Every line from the one that contains "Figure US20120090102A1-20120419-C00003" to the end of the records must be restated word for word. No other line belongs in the answer.

##########

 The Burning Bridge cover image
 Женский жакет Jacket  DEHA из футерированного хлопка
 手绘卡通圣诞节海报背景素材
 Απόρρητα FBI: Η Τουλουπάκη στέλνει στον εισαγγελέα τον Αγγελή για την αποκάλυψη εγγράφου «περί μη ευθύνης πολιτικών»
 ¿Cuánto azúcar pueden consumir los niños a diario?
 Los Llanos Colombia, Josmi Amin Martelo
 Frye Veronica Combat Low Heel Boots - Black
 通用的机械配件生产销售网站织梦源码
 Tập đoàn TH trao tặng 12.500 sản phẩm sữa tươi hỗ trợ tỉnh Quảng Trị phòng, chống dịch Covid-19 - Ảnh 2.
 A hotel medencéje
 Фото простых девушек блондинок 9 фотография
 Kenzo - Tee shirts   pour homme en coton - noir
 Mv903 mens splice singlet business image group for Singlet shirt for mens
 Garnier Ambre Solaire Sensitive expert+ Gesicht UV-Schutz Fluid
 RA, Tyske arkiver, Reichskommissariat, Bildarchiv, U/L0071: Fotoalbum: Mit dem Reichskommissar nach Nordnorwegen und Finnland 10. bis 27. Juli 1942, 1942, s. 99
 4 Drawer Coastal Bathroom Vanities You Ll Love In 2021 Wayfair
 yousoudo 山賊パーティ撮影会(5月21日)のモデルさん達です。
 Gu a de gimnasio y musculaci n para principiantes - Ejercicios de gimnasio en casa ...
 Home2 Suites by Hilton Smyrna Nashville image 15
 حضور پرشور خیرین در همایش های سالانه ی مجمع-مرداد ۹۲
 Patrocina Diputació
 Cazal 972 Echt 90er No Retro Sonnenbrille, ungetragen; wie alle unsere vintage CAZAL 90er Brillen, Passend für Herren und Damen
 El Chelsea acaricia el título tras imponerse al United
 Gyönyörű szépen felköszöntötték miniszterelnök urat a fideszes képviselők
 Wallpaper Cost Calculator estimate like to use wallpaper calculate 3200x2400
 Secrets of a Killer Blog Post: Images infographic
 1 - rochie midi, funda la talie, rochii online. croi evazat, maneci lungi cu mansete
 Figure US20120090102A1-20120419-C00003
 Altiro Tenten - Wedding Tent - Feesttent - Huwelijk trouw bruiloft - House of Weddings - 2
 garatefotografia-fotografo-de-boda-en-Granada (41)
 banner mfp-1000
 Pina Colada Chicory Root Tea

##########

RESULT OF THIS EXERCISE:
 Figure US20120090102A1-20120419-C00003
 Altiro Tenten - Wedding Tent - Feesttent - Huwelijk trouw bruiloft - House of Weddings - 2
 garatefotografia-fotografo-de-boda-en-Granada (41)
 banner mfp-1000
 Pina Colada Chicory Root Tea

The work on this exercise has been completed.